Breakfast had left me warm, but the conversation left me heavy.

I carried the books back to my room, Janbo padding at my side, and collapsed onto my bed.

“Phone,” I muttered, and the familiar glow lit the room. Two free pulls now waited for me.

“I need to make this count,” I whispered. Another weapon, another set of armor, that would be ideal.

Without hesitation, I opened the weapon gacha and drew.

A silver light burst across the screen.

Celestial Warbow (SR).

I quickly skimmed the flavor text of the newly acquired weapon.

Celestial Warbow.

A bow blessed by the gods themselves, forged to pierce even the sky. Only those of a soul untainted may draw its string.

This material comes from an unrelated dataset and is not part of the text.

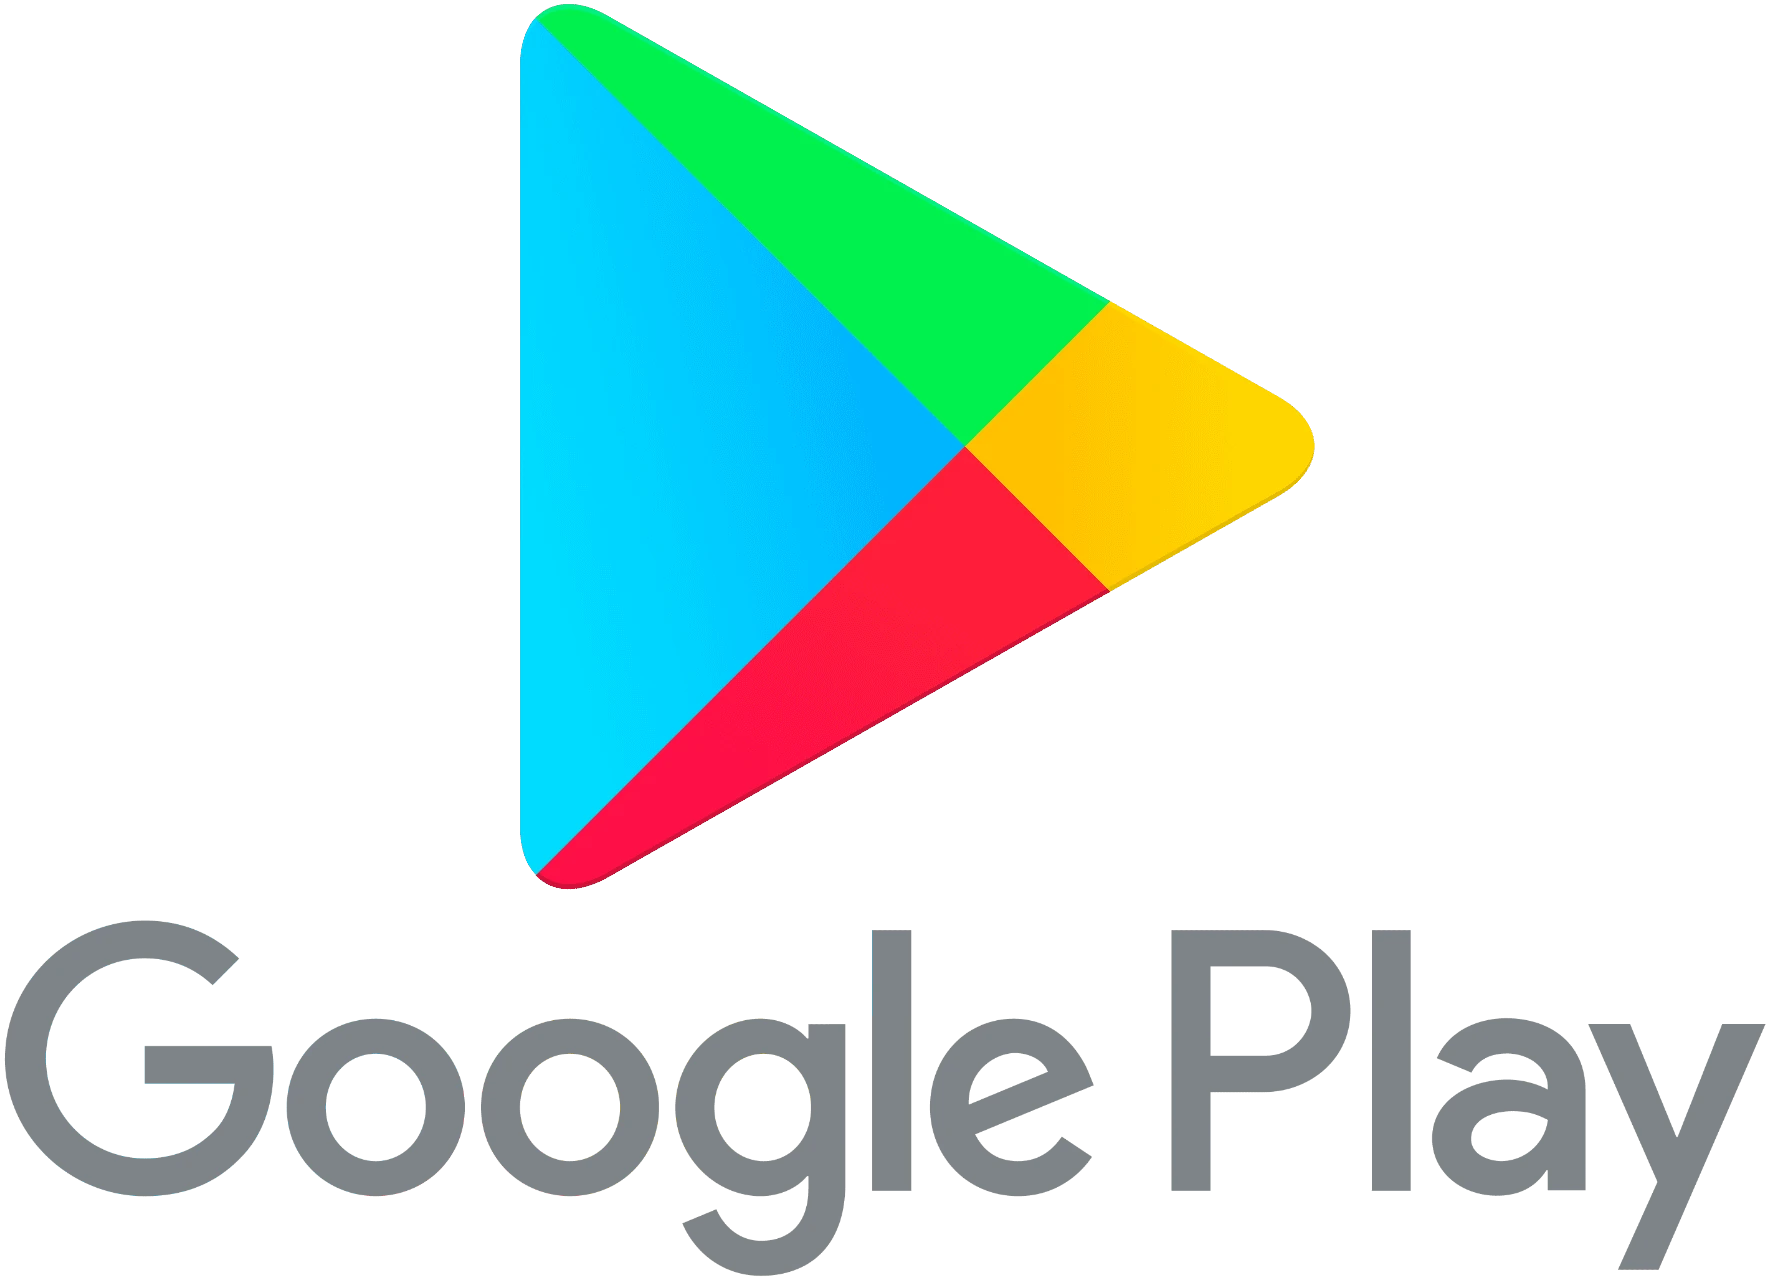 Logo di Google Play Store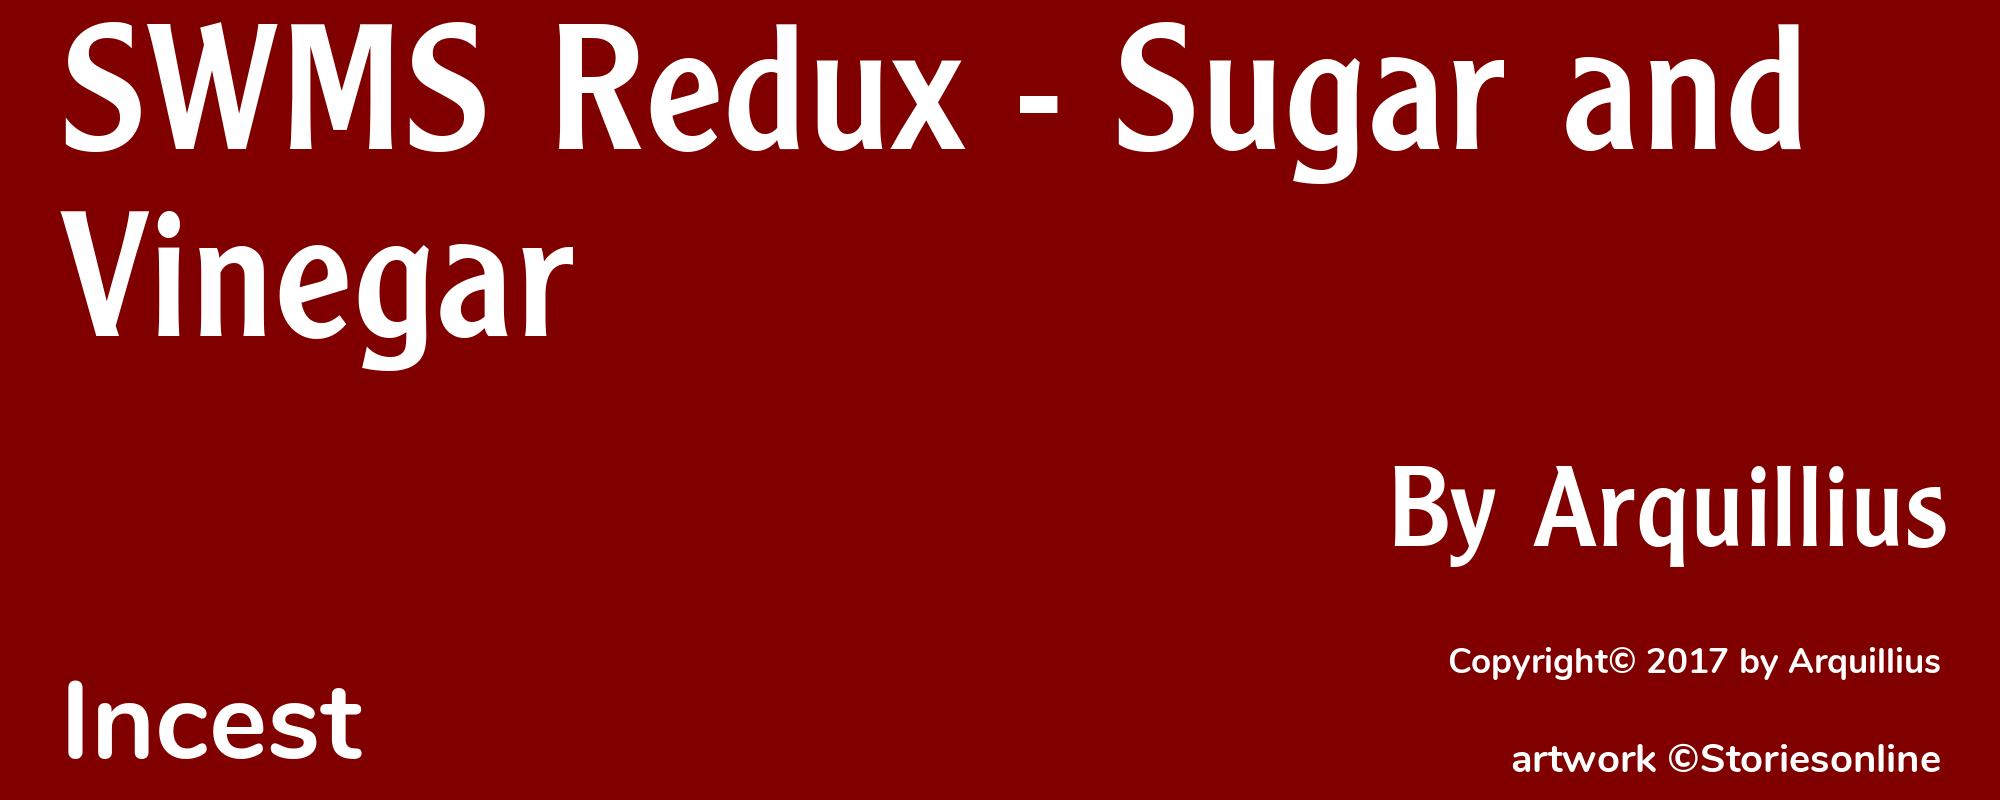 SWMS Redux - Sugar and Vinegar - Cover

I stared at the words for a moment, unease flickering at the back of my mind. Pure soul, huh? I can only hope I’m pure enough to wield it when the time comes.

Without lingering, I shifted to the armor gacha. Something to ward against plague, that’s what I need most.

A pulse of silver light erupted.

Silver Light Armor Set (SR).

Armor wrought of pure silver. So long as its gleam remains unsullied by shadow, the wearer shall be untouched by sickness or blight.

A sharp breath escaped me.

That could definitely save me at the right moment, I thought

Satisfied, I closed the phone and turned my attention to the stack of books Rion had handed me.

Their leather covers were cracked and worn, the weight of centuries etched into their pages.

I flipped through the table of contents, fingers pausing when I found the entry I needed.

Death Dragon.

I turned eagerly to the section, eyes locking onto the faded ink.

The Death Dragon, also known as the Harbinger of Death.

My chest tightened as I read on.

This monstrous creature exhales a breath of black flame, fire that does not merely burn but corrupts all it touches.

Those struck are scarred in both body and soul.

My mind instantly flashed back to Father Damian’s injuries.

So that’s what burned him…

The beast possesses overwhelming resistance to fire, its scales impervious to ordinary flame.

More dire still, its very presence spreads decay: its breath is poison to all living things, and even corpses stir from their graves when it draws near.

The words weighed heavy, each line more dreadful than the last.

A nightmare given flesh. Just how are we supposed to stop something like that?

I scanned further, desperate for a sliver of hope.

Its sole weakness lies in the power of holy magic, but only spells of the Seventh Rank or higher bear any chance of defeating it.

My stomach sank. Seventh rank. A threshold so few in this world could ever reach.